Password To Larkspur Lane, the tenth entry in the series of Nancy Drew books by Carolyn Keene, is no exception.
I grabbed it off the bookshelf for a quick bedtime read a few weeks ago, after I’d put up the bookshelves in the bedroom. I thought it might be quite fun to read through my Nancy Drew collection again, as I’ve not done so for over twenty years. After reading Password To Larkspur Lane, however, I’m not sure I can stand to read any more.
First of all, the main character is ridiculous. Nancy is absolutely, unrealistically perfect. In the course of the story, she wins a flower-arranging competition, saves a child from drowning, knows the details of the American homing pigeon association off by heart when one happens to land in her garden, manages to escape from a completely dark and sealed cellar by climbing the wall with her bare hands and a scrap of broken wood, knows how to drain a plane’s fuel tank, and in the end solves two cases that – of course – turn out to be related. She hardly ever involves the police in what she’s doing, because she doesn’t want to worry them. When she does, they are – of course – laughably inept. Despite the fact that she is a teenage girl meddling with the plans of dangerous criminals, her lawyer father just lets her do what she likes, bows to her wisdom regarding the police, and seems to spend his time supporting Nancy’s efforts and buying her new cars rather than actually being a lawyer. I don’t like the term ‘Mary Sue’ because people in online fandom throw it around to mean ‘character I don’t like’, but Nancy is a Mary Sue if ever there was one.

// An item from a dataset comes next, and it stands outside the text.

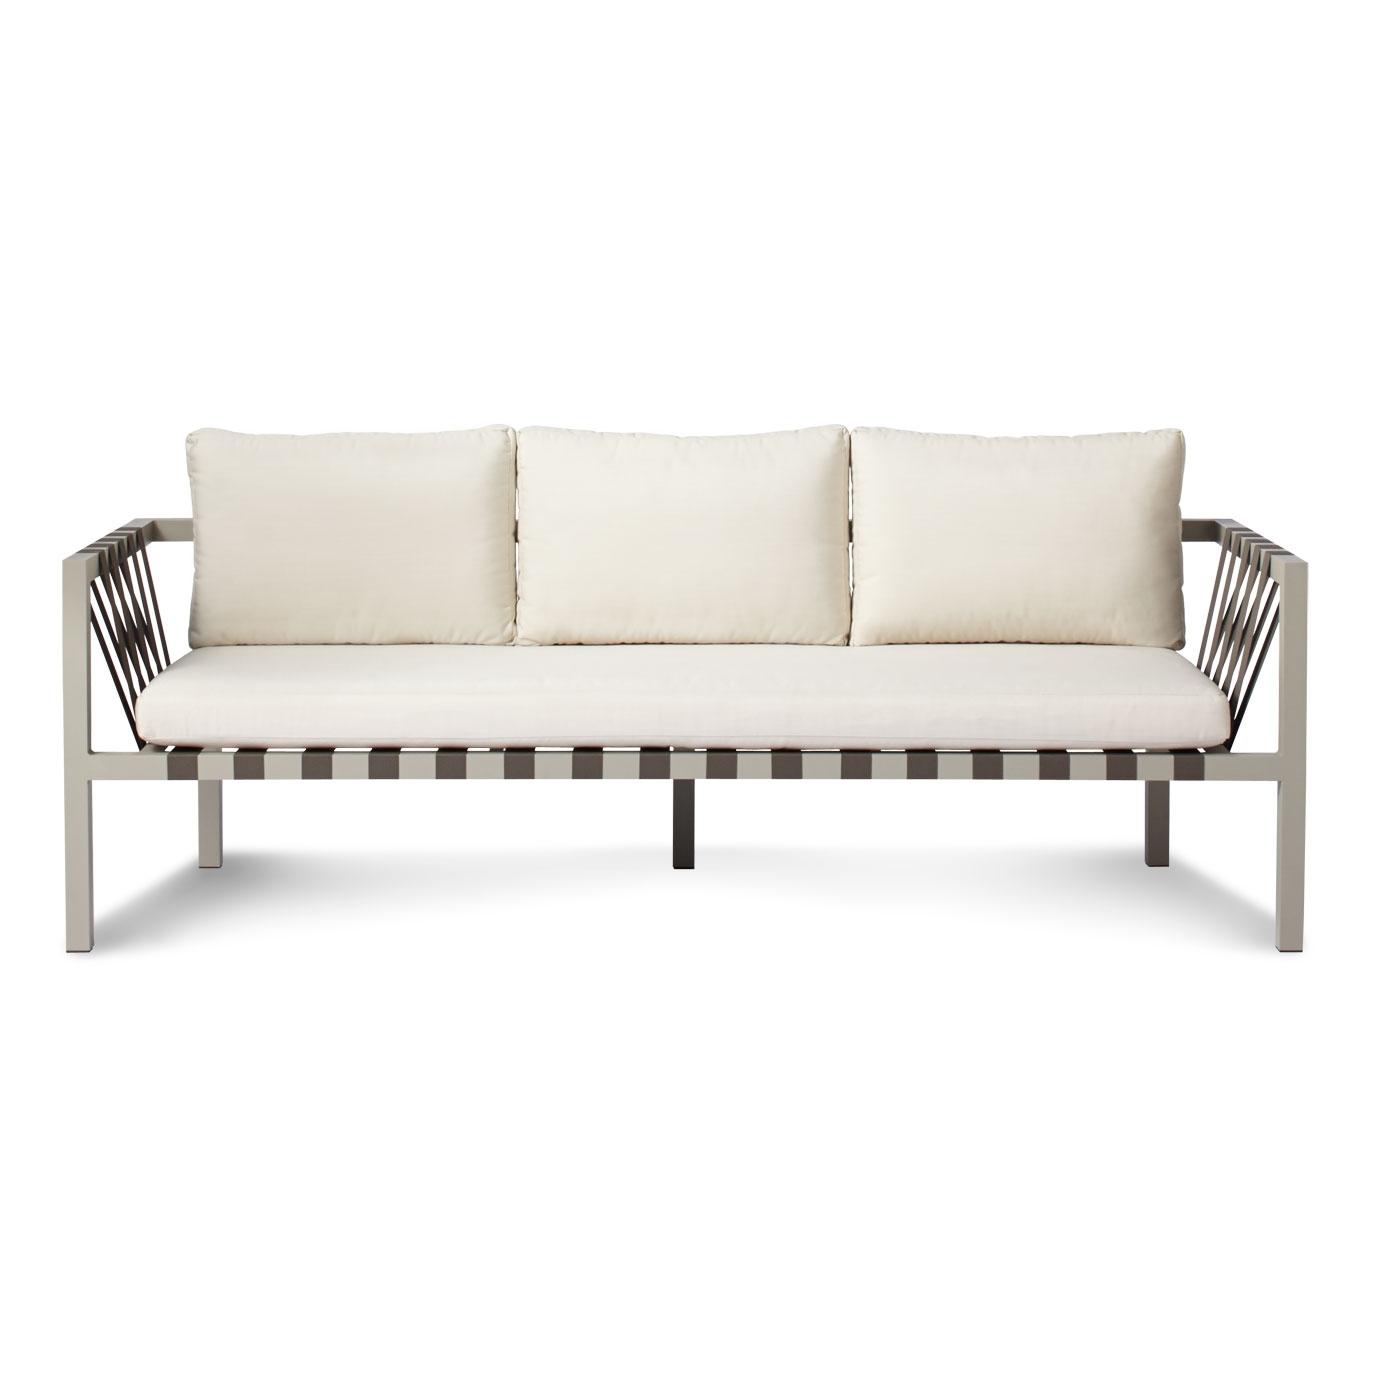 Modern 3 Seater Sofas Regarding Trendy Jibe Outdoor 3 Seat Sofa – Modern Outdoor Sofas (View 10 of 15)

Pretty much every other female character is utterly useless and petrified of everything, except for Nancy’s friend George, and that’s only because the latter is an extremely two-dimensional tomboy character.
The story is insanely unrealistic too – clues just fall into Nancy’s lap out of nowhere, and she always just happens to know someone who is an expert in whatever she needs to know about next. Usually, however, this isn’t necessary, as she’s an expert in most things herself. At one point, a character is declared by a doctor to have suffered a ‘slight heart attack’ (he’s perfectly fine and up and about the next day), which is the moment I nearly threw the book at the wall.
At the end, when the criminal gang is rounded up, they just explain their whole plan in front of the police, in true inept villain fashion!
Terrible as this book is, I will definitely read at least one more of these when I feel up to it, because I have to know if the others in the series are all just as bad.